Possibly the specification could be clarified in such a way that it could
be proven that the vulnerability could not ever occur in a syntactically
valid PDF document. If the verification of signatures then was made
to include an exact validation of the document's syntax, that possibly
could fix the problem.

Given that it's crucial for this type of application that the code is
bug-free, the complexity inherent in such an approach seems undesirable,
in particular in the light of the simplicity of a robust solution.

An obvious simple and robust solution would be to extend the current
signing serialization by concatenating it with a copy of the ByteRange
array, assigning new designations for variants of existing signature
mechanisms that use this new signing serialization.
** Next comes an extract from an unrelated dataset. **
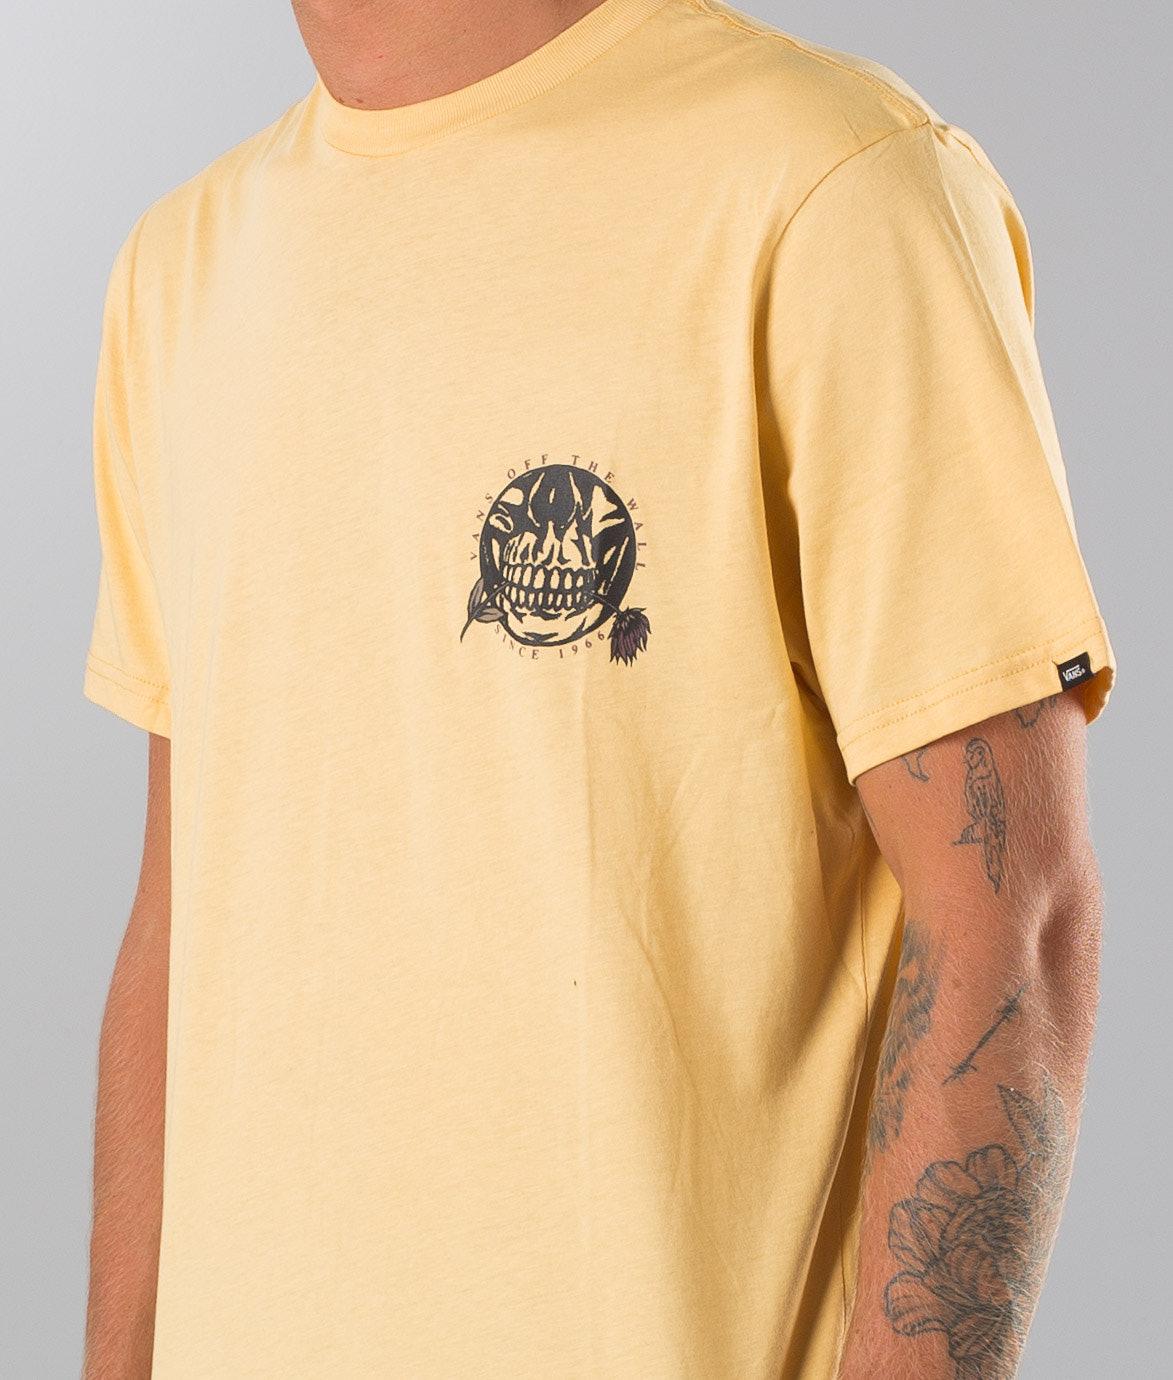 decc08545e Vans Pushing Up Daisies T-shirt New Wheat - Ridestore.com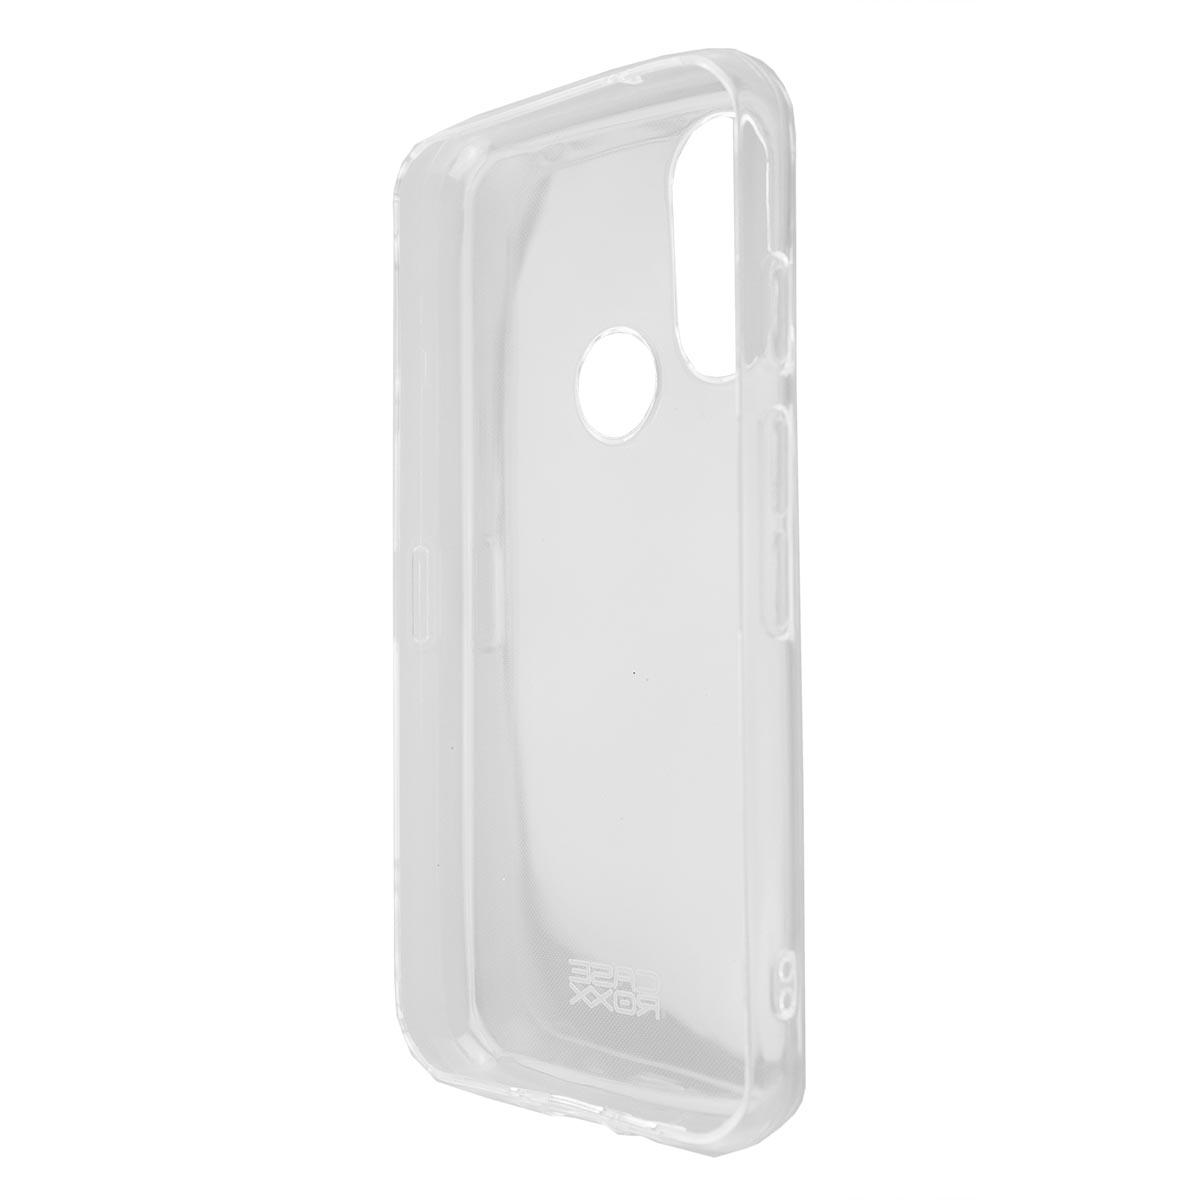 Caseroxx-TPU-Case-pour-Cat-S62-Pro-fait-de-TPU miniature 28

= Appendix: A Short Introduction to PDF 
This is just trying to sketch out as much of the format as is needed for
understanding the attack, without much attention to formal ambiguity.
The full and much less ambiguous specification of the format is freely
available on the web:

http://www.adobe.com/devnet/acrobat/pdfs/PDF32000_2008.pdf 

Essentially, a PDF file is a concatenation of variable length objects of
various kinds representing the document's structure, contents, meta data,
etc. Each object is identified by a number (each "indirect object",
to be precise--objects also can appear nested inside other objects,
those don't have numbers) that's used for references among the objects
(actually there are even two numbers per indirect object, but that's
mostly syntactic sugar).

At the end of the file, there is an index that maps the object numbers
to byte offsets within the file, called the "cross-reference table".
When reading a PDF file, one starts from the end where one first finds
the byte offset of the start of the cross-reference table and the object
number of the "document catalog", which is basically the root object
of the document's structure. In order to retrieve a specific piece
of the document, one follows references to other objects, starting
at the document catalog, each time locating the object through the
cross-reference table.

Many objects in PDF are represented as so-called dictionaries--collections
of key-value pairs--which take roughly this form:

<<
	/Key <12a56e>
	/OtherKey 123.5
	/YetAnotherKey /NamesCanBeValuesToo
	/Child 1 0 R % this is a reference to the object with number "1 0"
	/And (so on)
>>